Net Health: −49 → +28
iRobot distress scatter chart
Once a healthy company (recovery signals dominated in 2018-2021), iRobot's trajectory reversed dramatically. The red regression line is now climbing while green falls. The Amazon deal collapse and subsequent restructuring are visible in the signal shift.

Cosmos Health (COSM) — The Turnaround

Net Health: +4 → +29
Cosmos Health distress scatter chart
Despite showing up on distress screens, COSM's trajectory tells a different story.
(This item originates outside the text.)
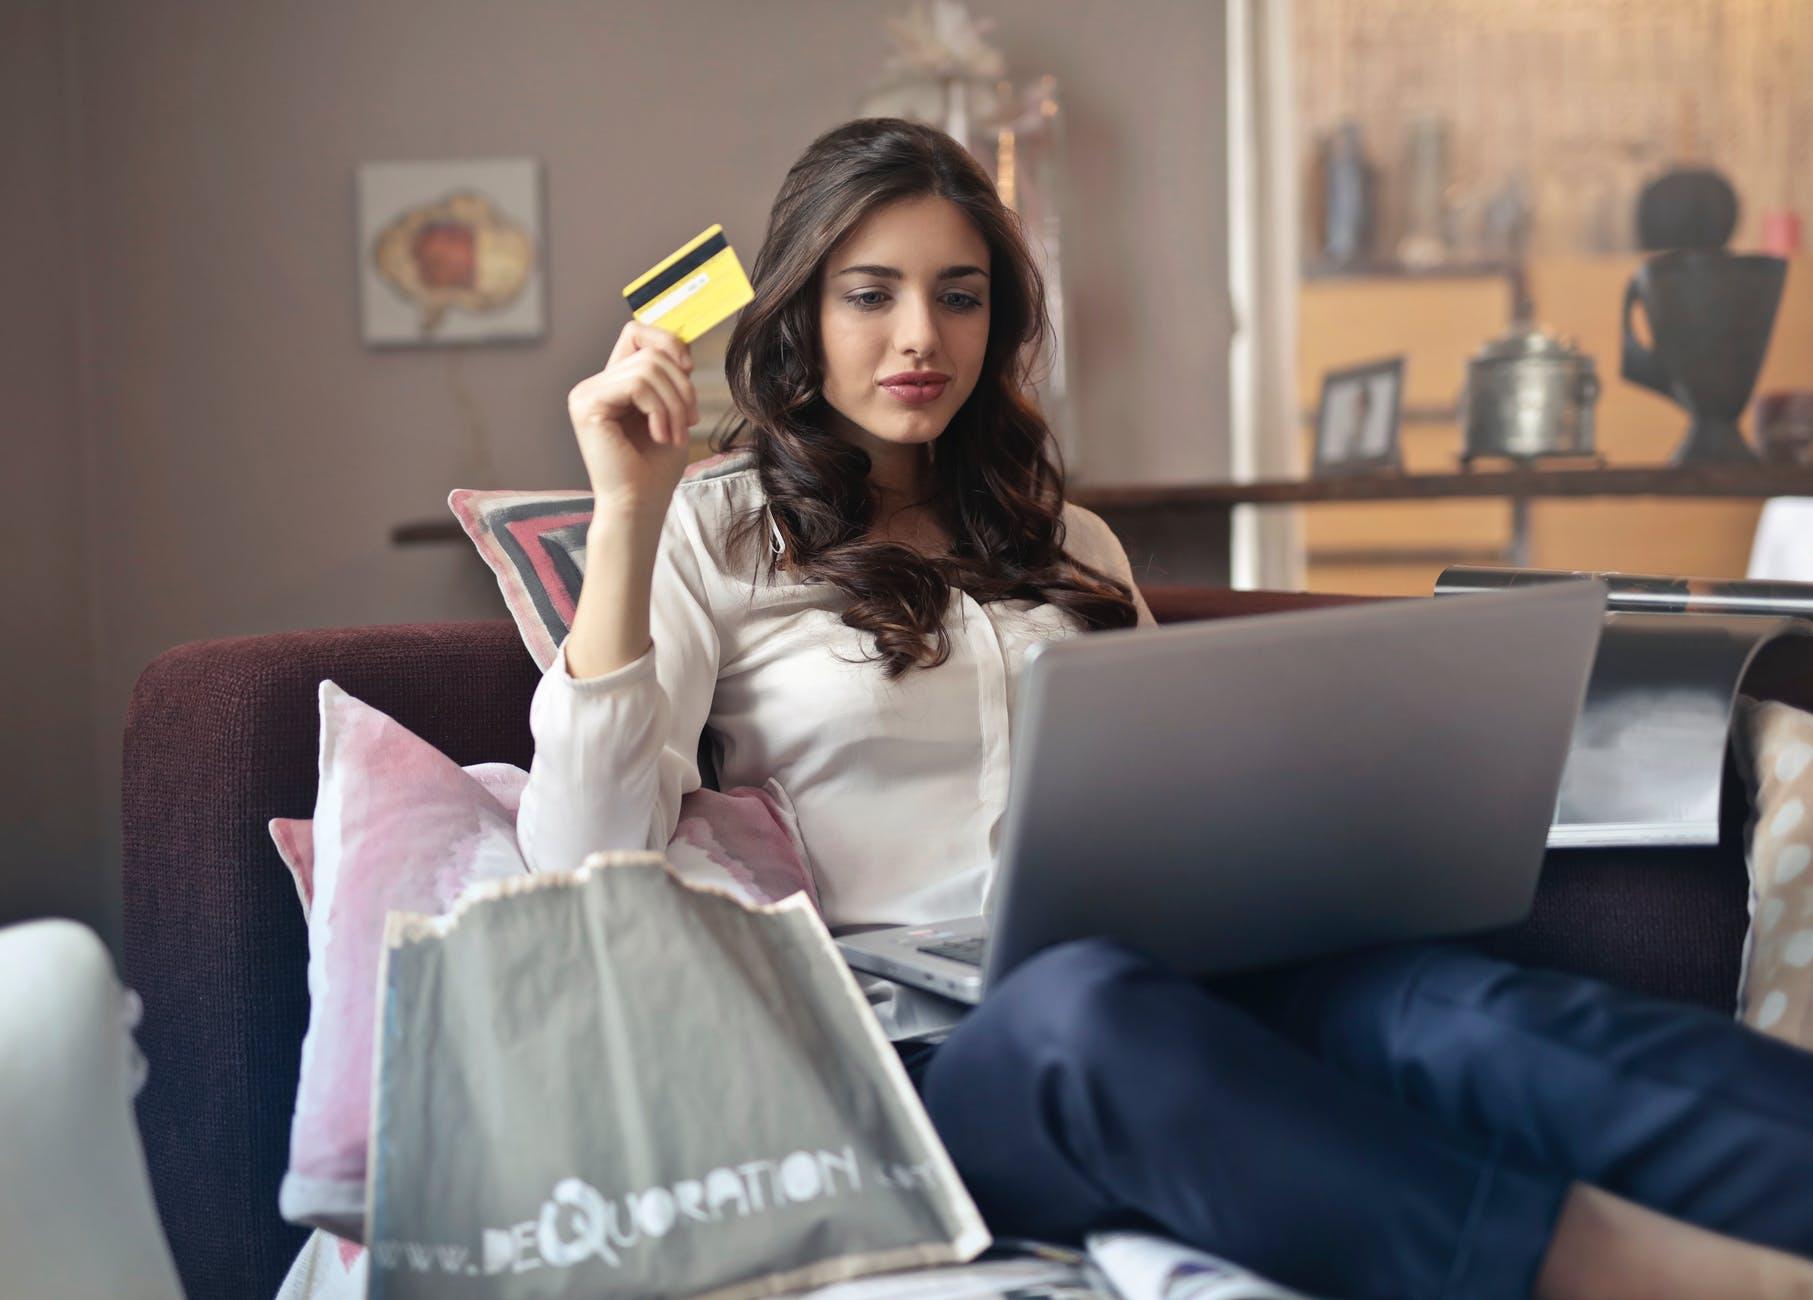 אביזרי חשמל- האם בטוח לקנות אונליין?
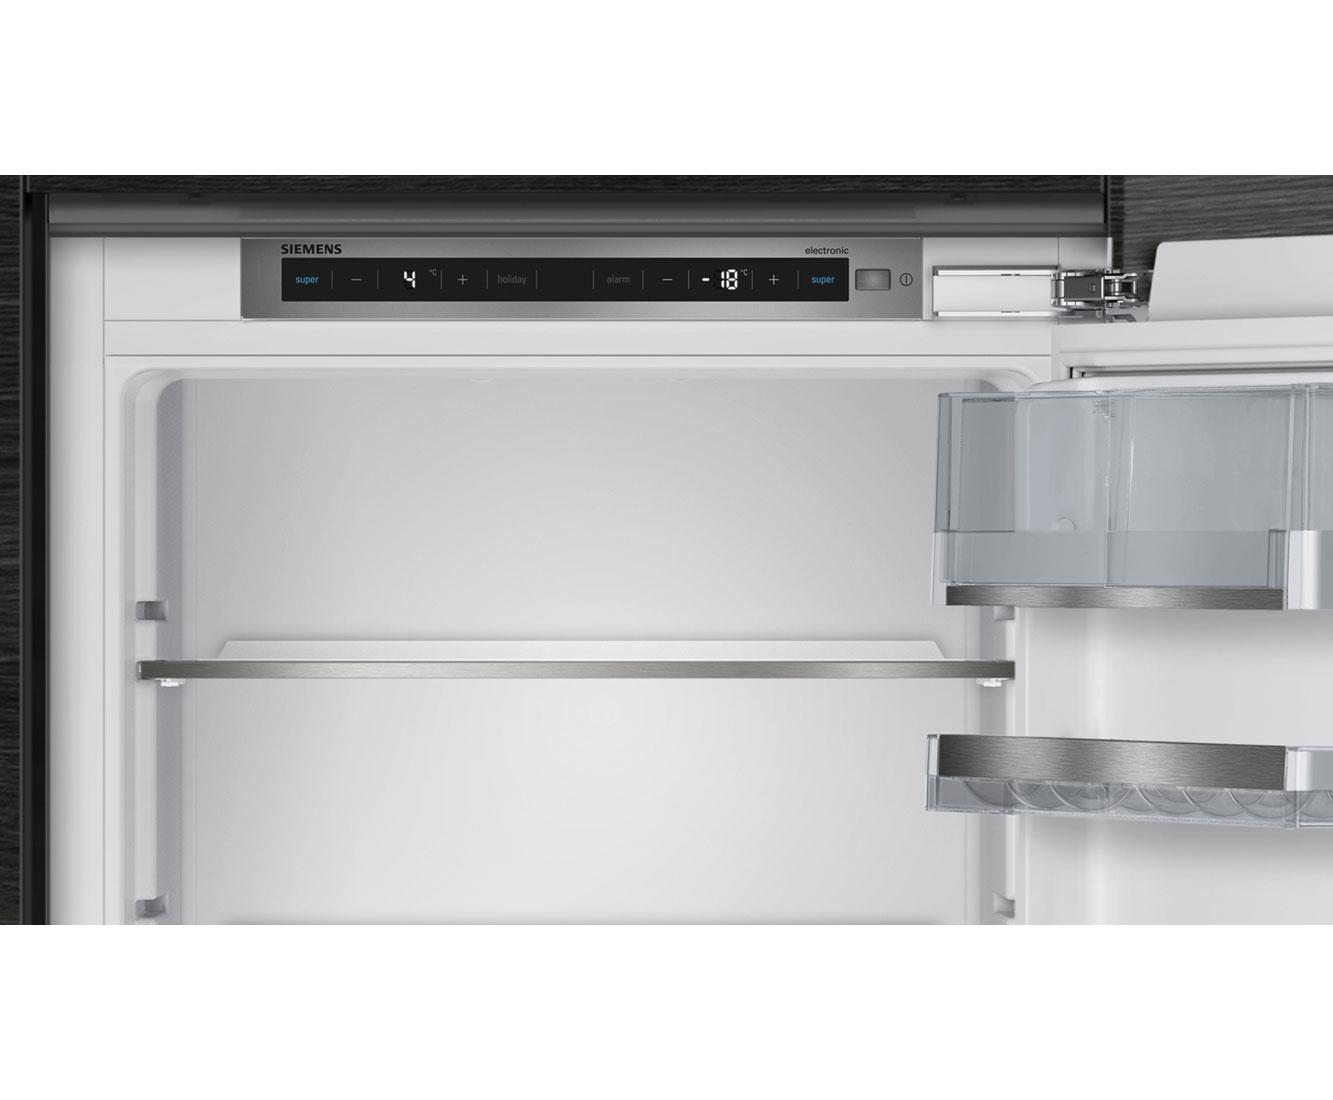 Siemens Kühlschrank Nach Abtauen Alarm : Siemens kühlschrank nach abtauen alarm küchenbauer gmbh siemens

Recovery signals are trending up faster than distress. The green line is pulling away — this is what a turnaround looks like in the data.

Kezar Life Sciences (KZR) — The Death Spiral

Net Health: −36 → −77
Kezar distress scatter chart
The textbook distress pattern. Red points (distress) are accelerating upward while green (recovery) stagnates. The gap between the regression lines widens with each filing. This is not noise — this is structural decline visible quarters before headlines.

The Simplified View

Net Health — recovery minus distress

Sometimes you just want one number. Net Health = (sum of recovery signals) - (sum of distress signals), normalized per 100 sentences. Positive = healthier, negative = distressed. Track it over time.

COSM net health
COSM
Cosmos Health Inc.
↑ Recovering
KZR net health
KZR
Kezar Life Sciences
↓ Declining
The area tells the story. Green fill = recovery dominating. Red fill = distress dominating. The line shows the journey. COSM spent years in distress territory but has emerged. KZR started struggling and never recovered — each quarter worse than the last.

Technical details

Normalization

All signal counts are divided by document sentence count and multiplied by 100. This creates "signal intensity per 100 sentences" — comparable across 50-sentence and 500-sentence filings.

Regression Method

Simple linear regression (OLS) fitted to all data points per cluster. The slope indicates trend direction and magnitude. Shaded confidence bands show uncertainty.

Time Period

Charts use 10-K and 10-Q filings from 2018 onwards. This captures pre-COVID, COVID, and post-COVID periods for meaningful trend analysis.

Classifier Source

Signals are extracted using fine-tuned transformers trained on labeled SEC sentences. Each classifier outputs a binary yes/no per sentence, then aggregated per filing.

Net Health Calculation

Sum of all 7 recovery signals minus sum of all 7 distress signals, after normalization. Positive values indicate recovery dominance; negative indicates distress dominance.

Data Quality

Filings with fewer than 50 sentences are excluded to ensure statistical stability. Company name changes are tracked to maintain continuity.